Bivariate categorical data can be described using:

a) Contingency Table

b) Contingency Coefficients

c) Cumulative Bar Chart

d) Bar Chart

e) 3-D Bar Chart



Contingency Table

Tables of counts and percentages (row or column) of the joint distribution of two variables that each have only a few distinct values are known as contingency, cross-tabulation, or crosstab tables.
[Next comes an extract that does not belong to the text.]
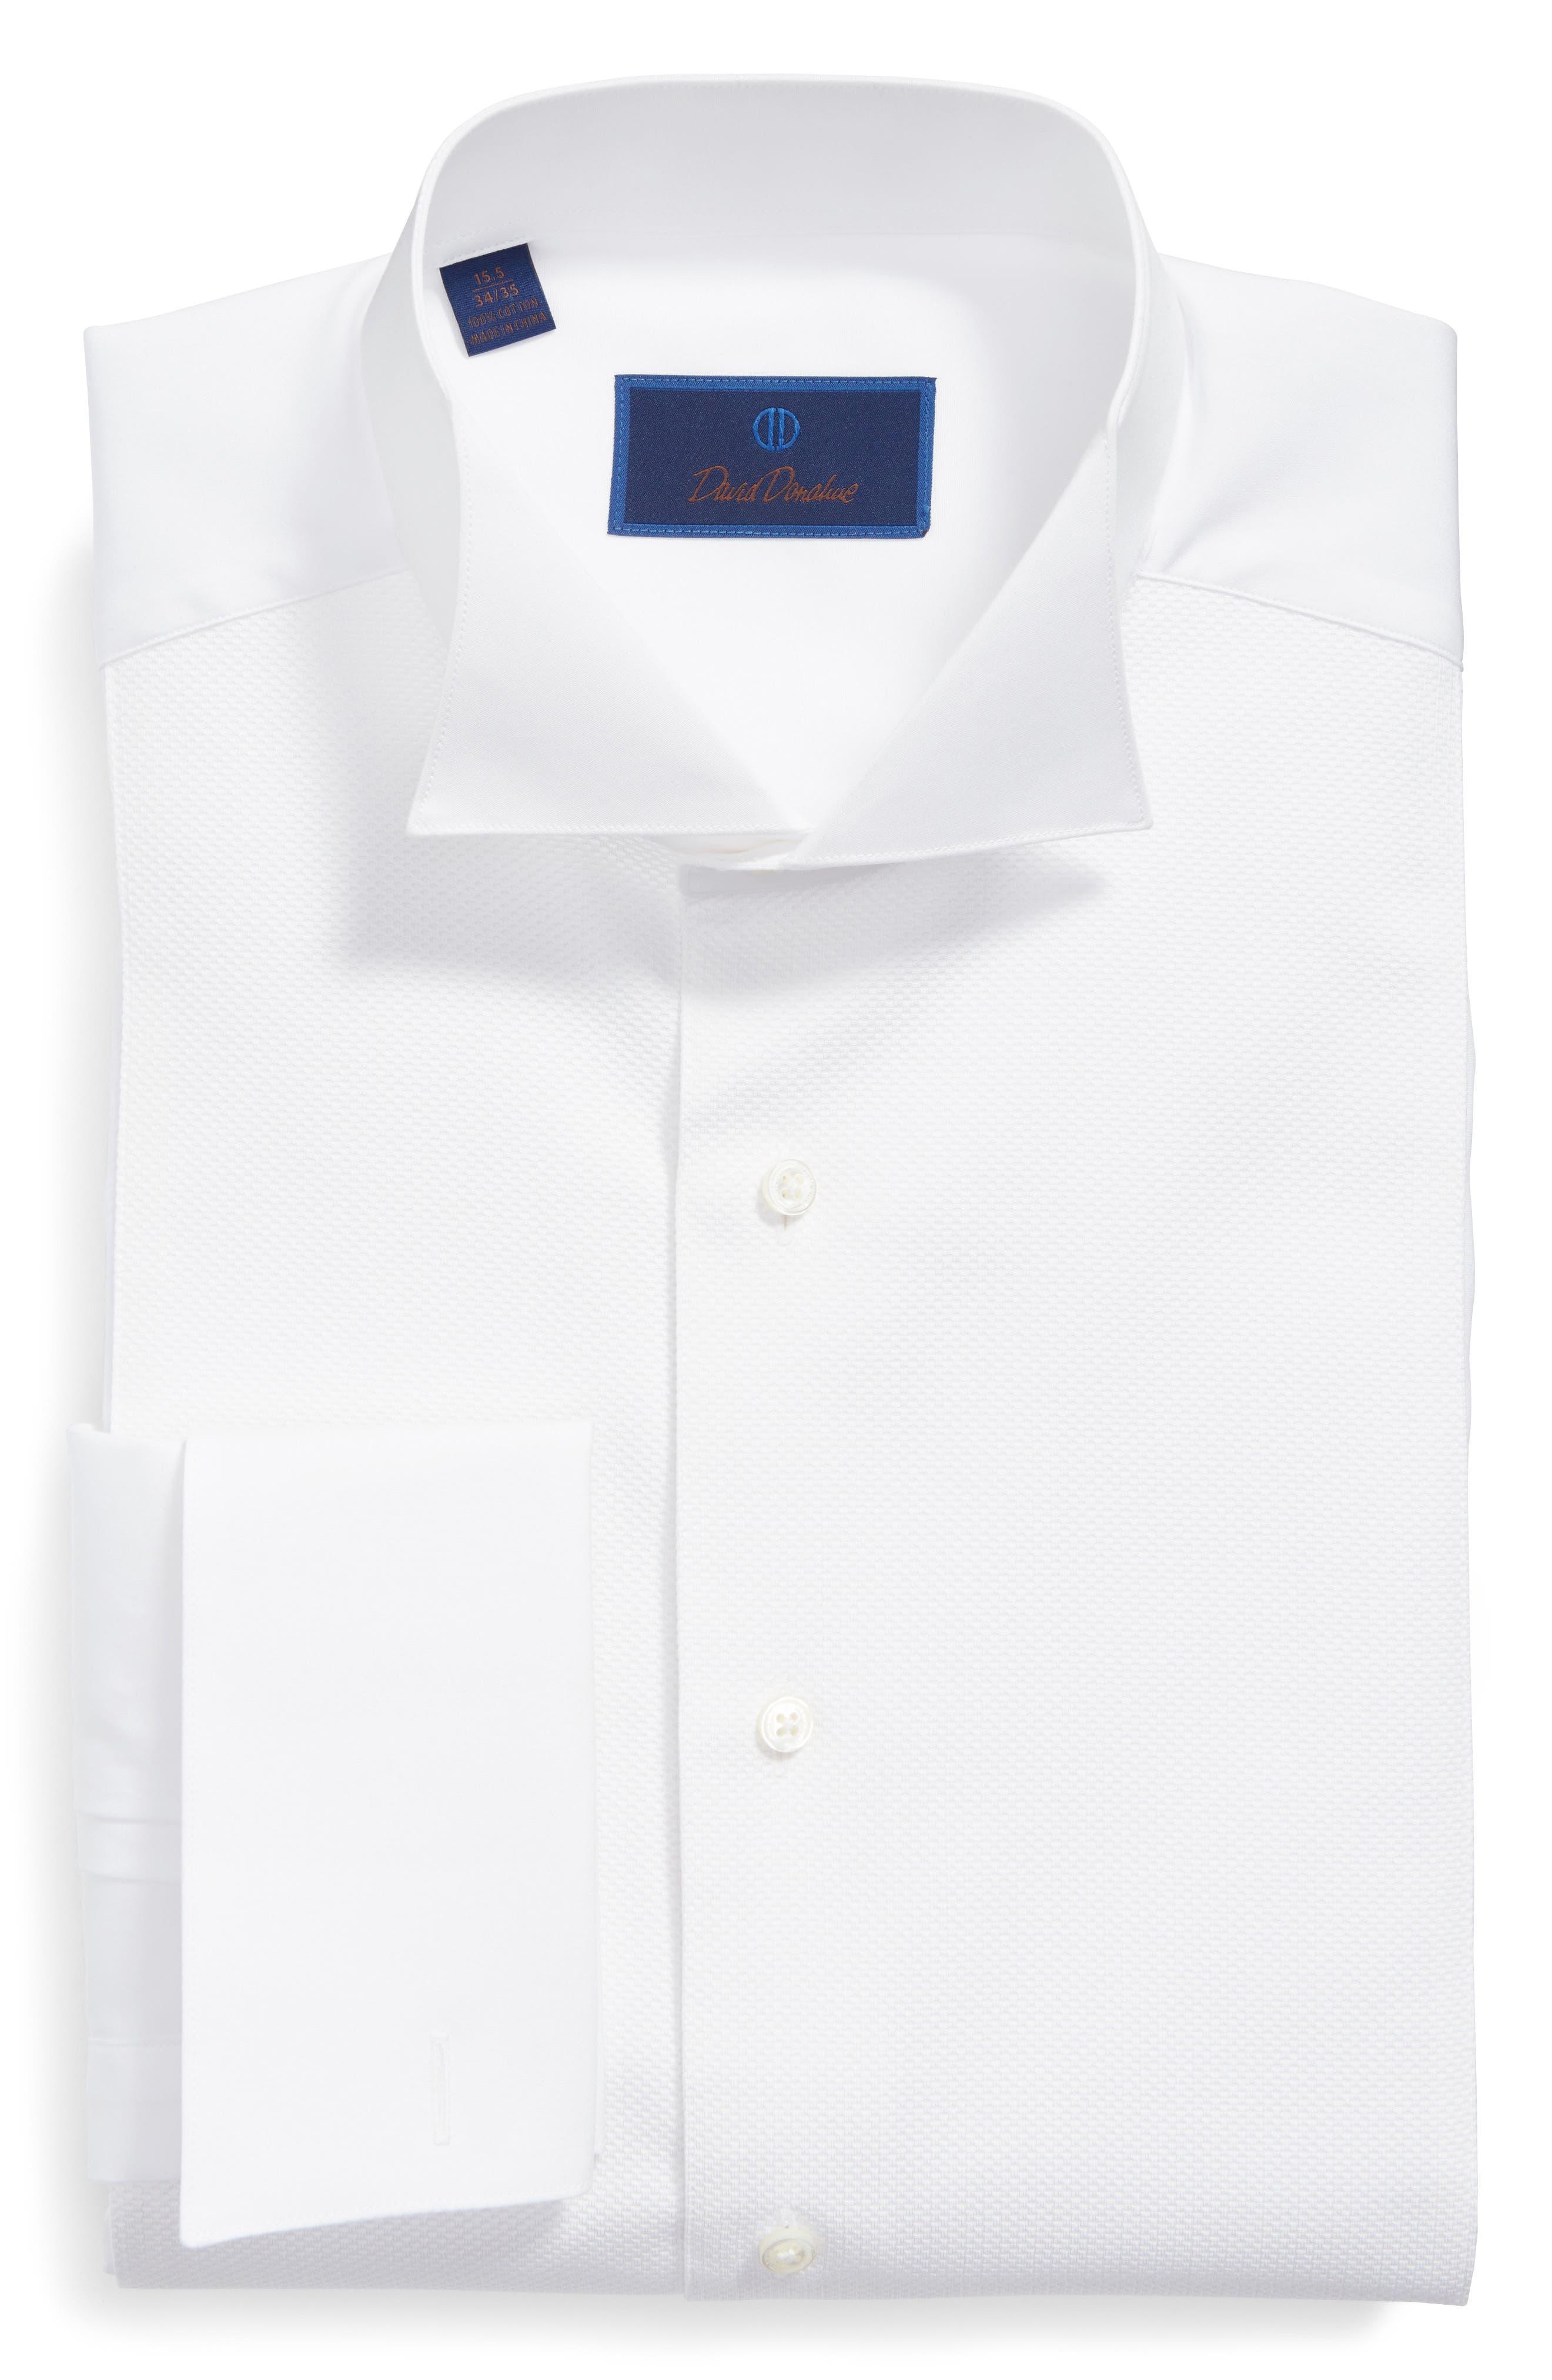 tuxedo shirt cuff

Primary GCSE A levels University
Male 5 34 176 62
Female 12 49 252 36

Primary GCSE A levels University
Male 1.81 12.27 63.54 22.38
Female 3.44 14.04 72.21 10.32


Contingency Coefficients

Contingency coefficients are measures of association of two nominal variables. It ranges between 0 (no relationship) and 1 (perfect relationship). Most commonly used coefficients are Pearson's Contingency Coefficient and Cramer's V (1946). Lambda is another measure of association for cross tabulations of nominal-level variables. It measures the percentage improvement in predictability of the dependent variable (row variable or column variable), given the value of the other variable (column variable or row variable). If the value of lambda with columns dependent equals 0.5, this means that there is a 50% reduction in error when row variable is used to predict column variable. Symmetric Lambda is a weighted average of the Lambda with rows dependent and Lambda with columns dependent.




Cumulative Bar Chart

Cumulative Bar Chart visualizes crosstable of percentages.

Cumulative Bar Chart




Bar Chart

Bar Chart visualizes counts from crosstable.

Bar Chart




3-D Bar Chart

3-D Bar Chart is an alternative to Bar Chart.

3-D Bar Chart